Andrew Levy, Uber
Researching and defining an Employer Value Proposition (EVP) is one of the most important undertakings an organization can do. After all, EVP is how your employees feel about work and how candidates evaluate you as a potential employer. When done right, a good EVP helps you effectively, efficiently recruit and retain the best talent for your specific culture. Without EVP, your recruiters and employees may not be telling a consistent, truthful story about work.

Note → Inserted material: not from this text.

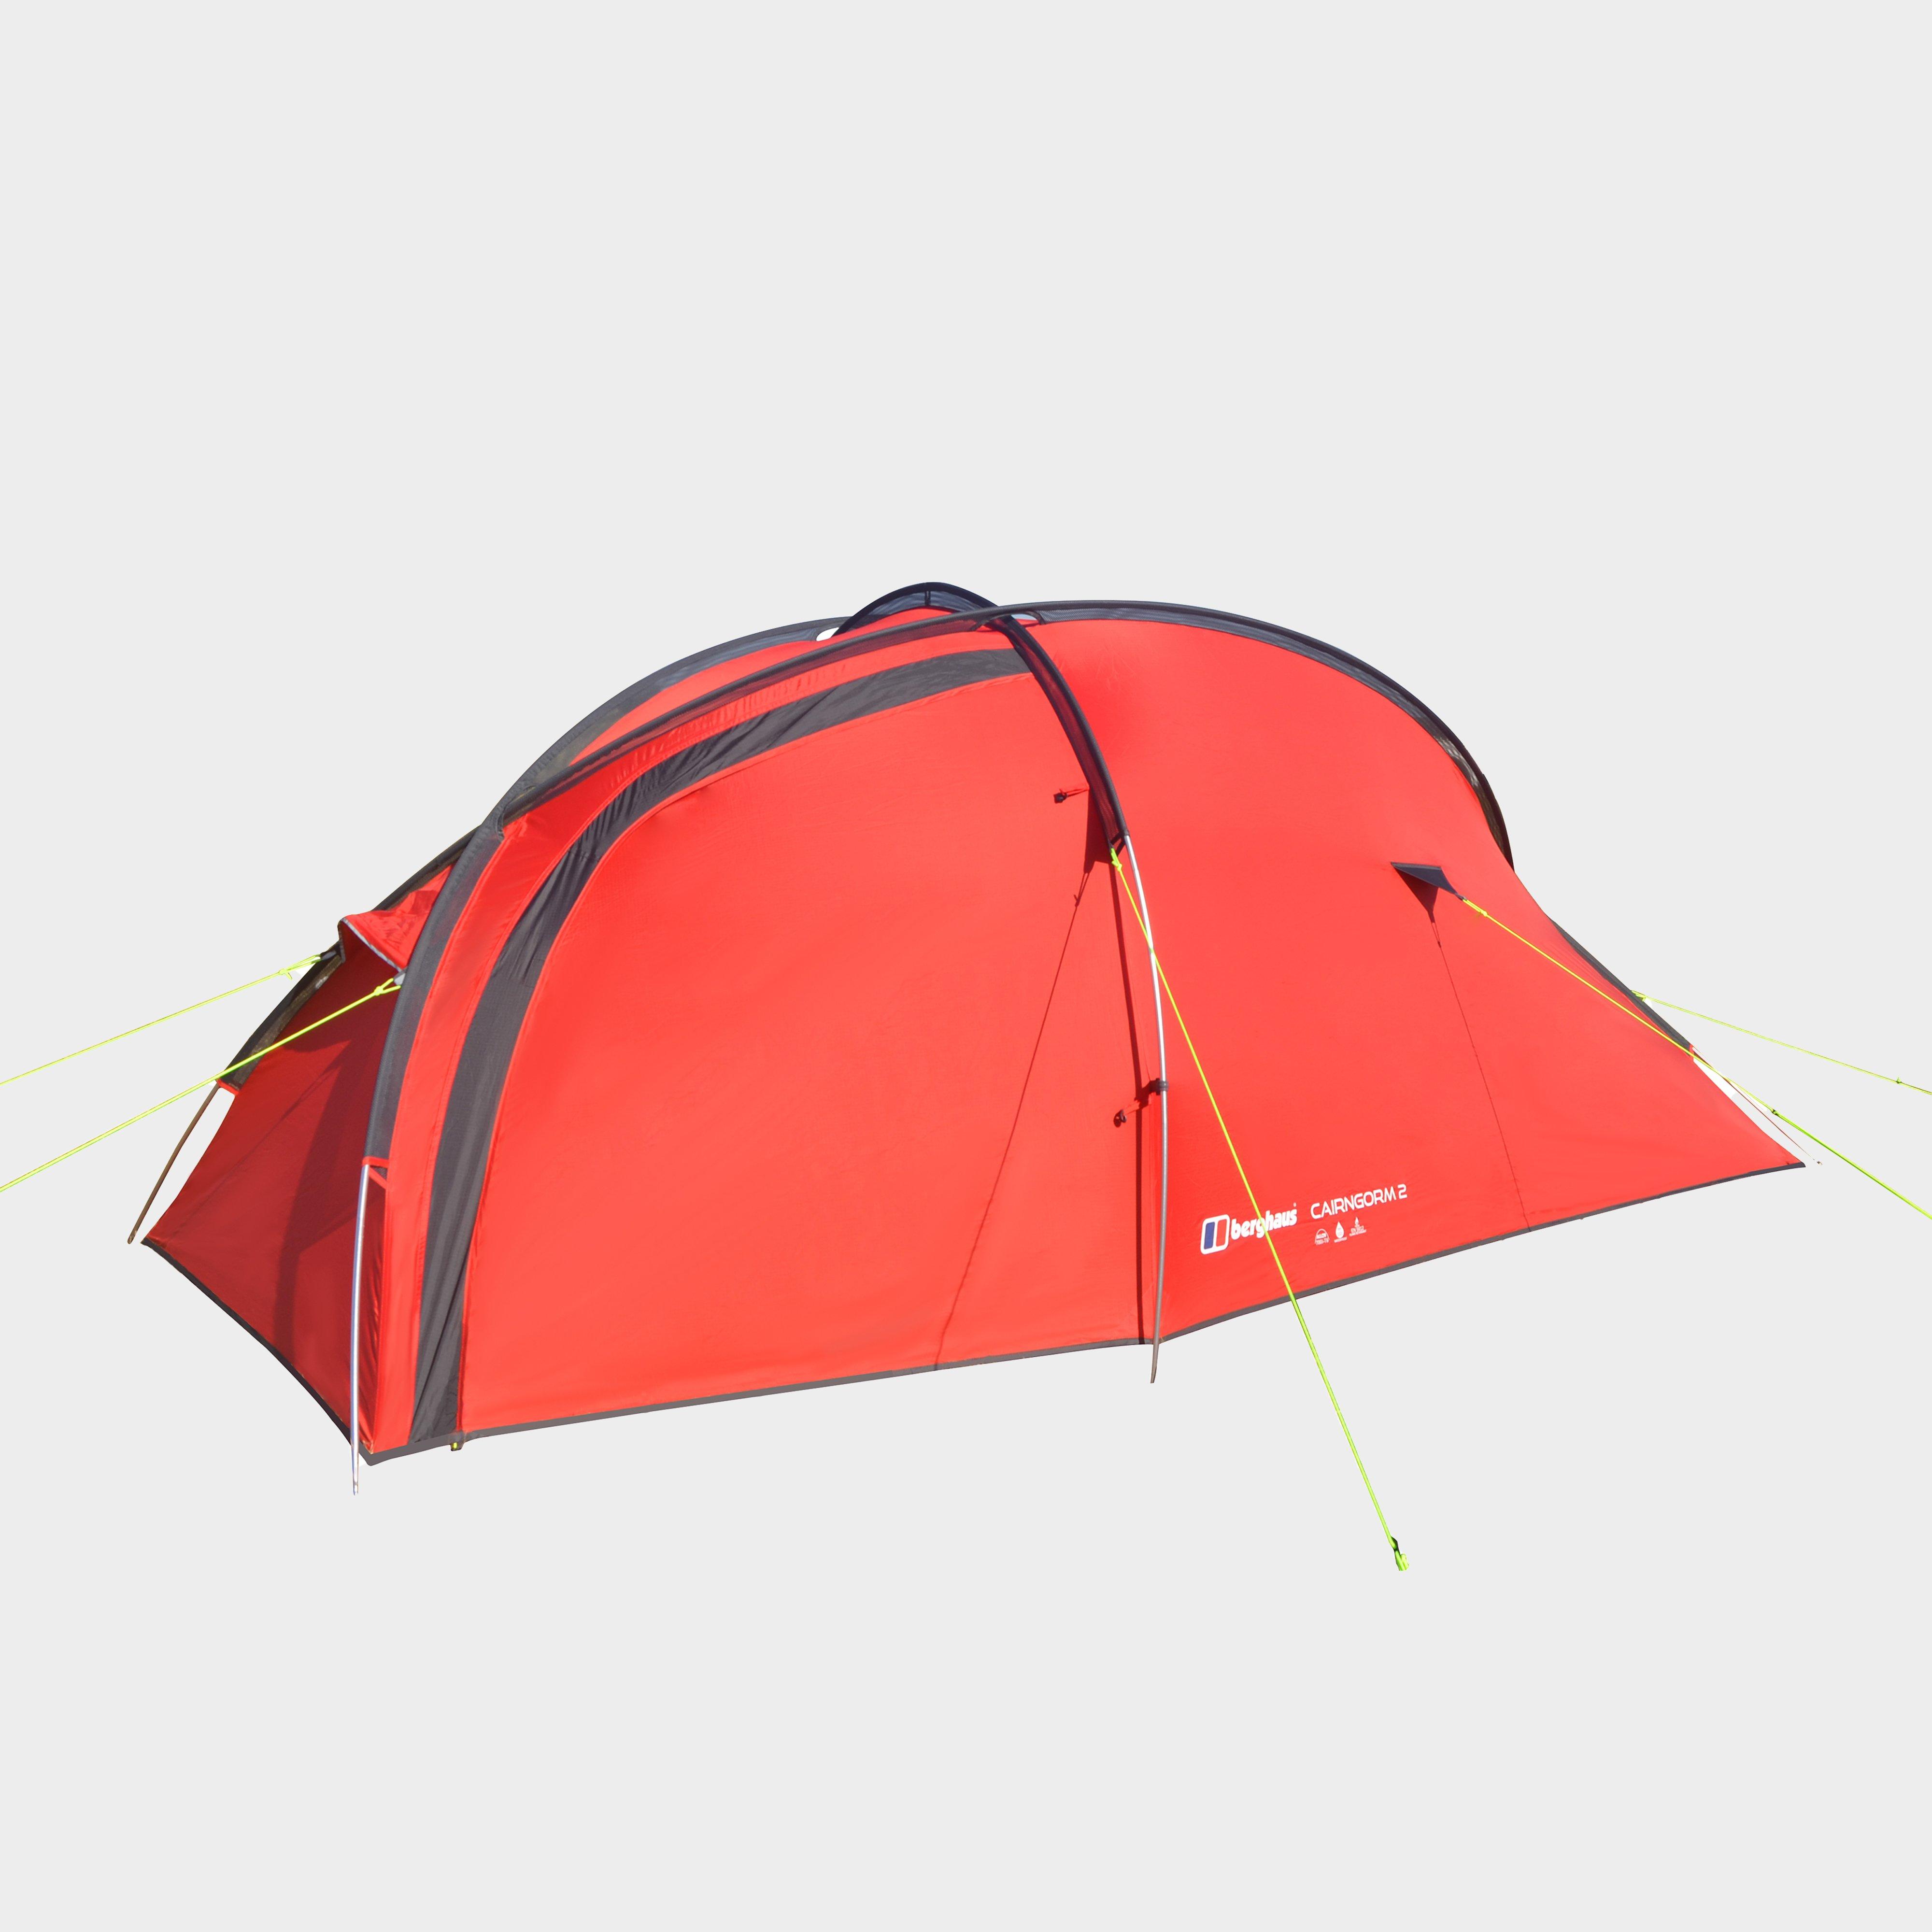 Berghaus Berghaus Cairngorm 2 Tent - Red/red  Red/red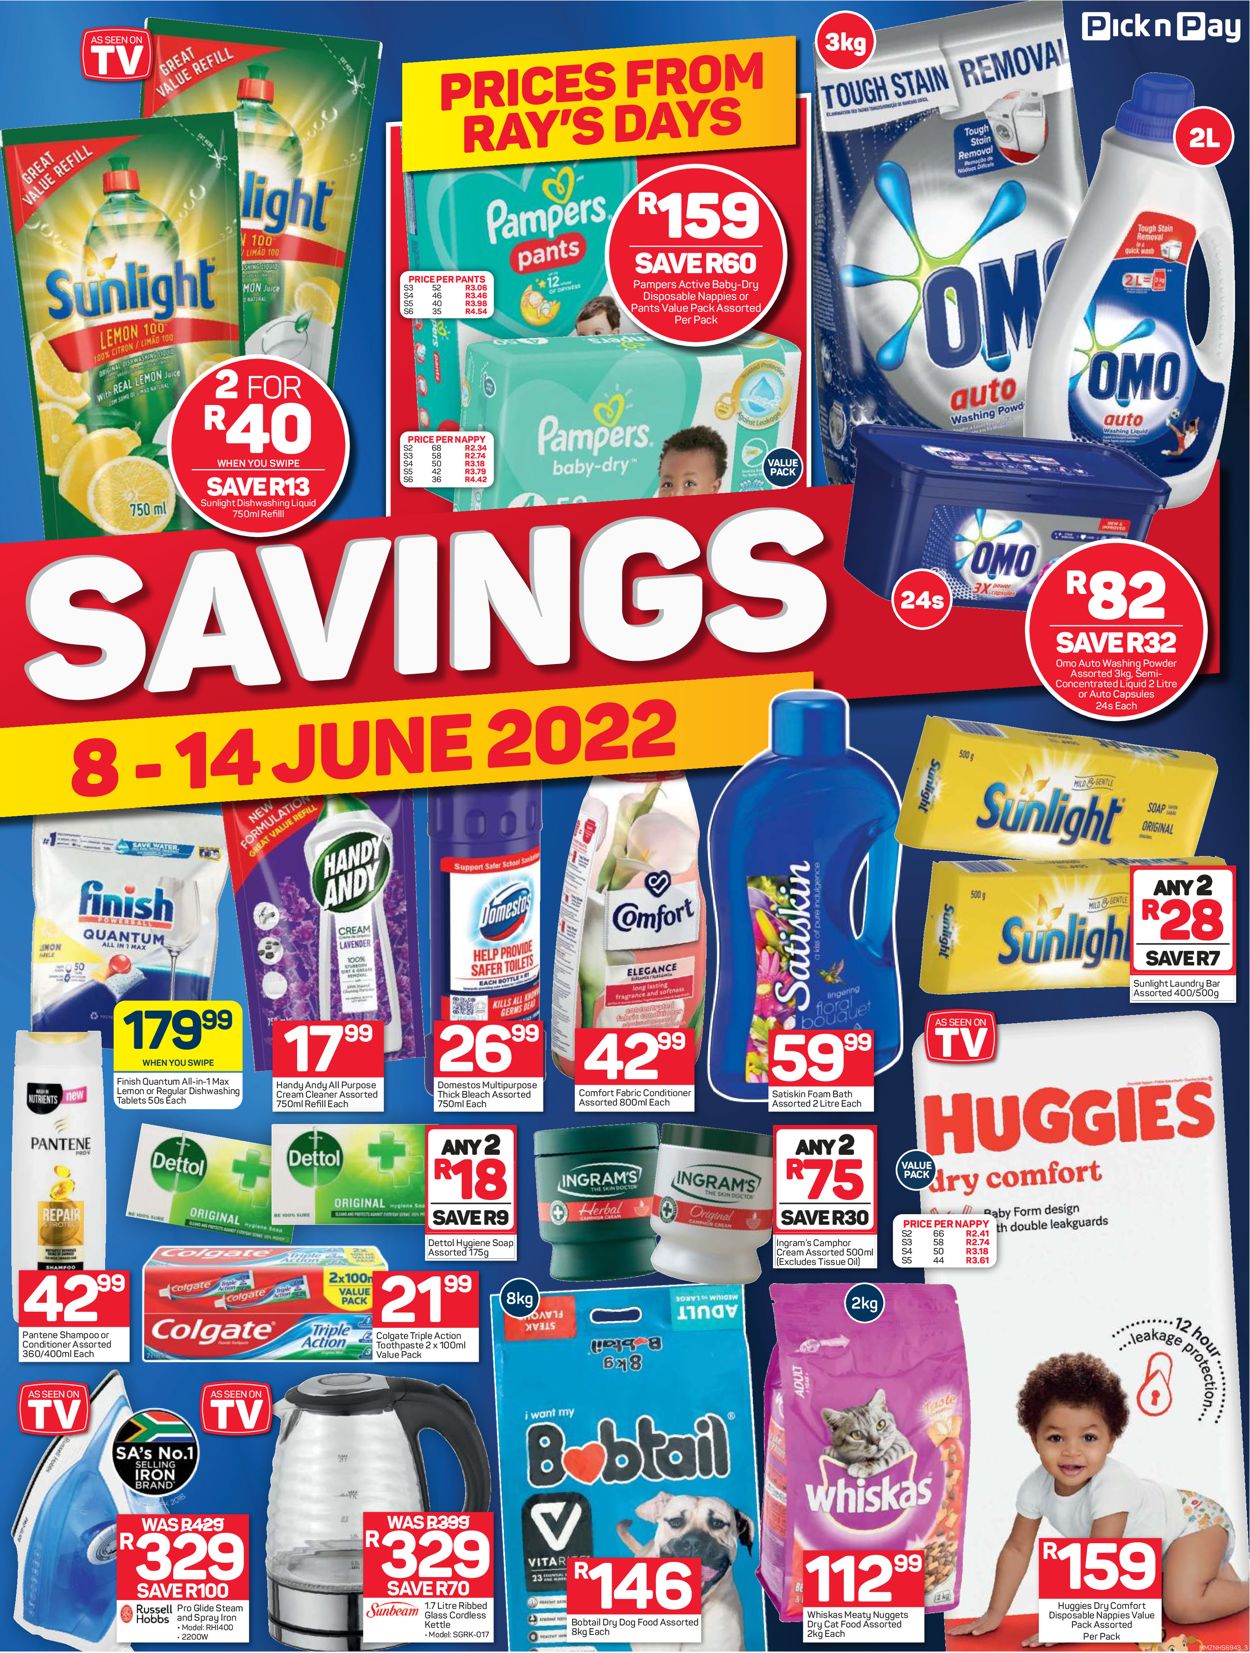 Pick n Pay Catalogue - 2022/06/08-2022/06/19 (Page 4)

For most organizations, EVP is a terrifying task -- it requires a significant investment of time and money -- often paid to a consulting firm. I'm here to tell you a different story of constructing an EVP. At Uber, we turned this process on it's head and decided to build EVP quickly and lightly, for free, in house, using tons of data points. Here's how we did it...
Session highlights:
-You and your recruitment team are likely telling/selling the wrong story to candidates about your company without even knowing it. Years of reporting structures, cascading goals, and executive speeches have conditioned us to repeat messaging form the top even if it doesn't match the reality in the ranks.
-Brand definition work does not require monetary investment by the part of HR, recruiting, or brand marketing. An EVP can be researched, defined, and disseminated using completely free tools.
-The success of your EVP project can be measured out in the marketplace with candidates and internally with your employees. Doing the work to understand EVP has much broader implications outside of recruiting and can help illuminate the most impactful HR programming your organization should tackle.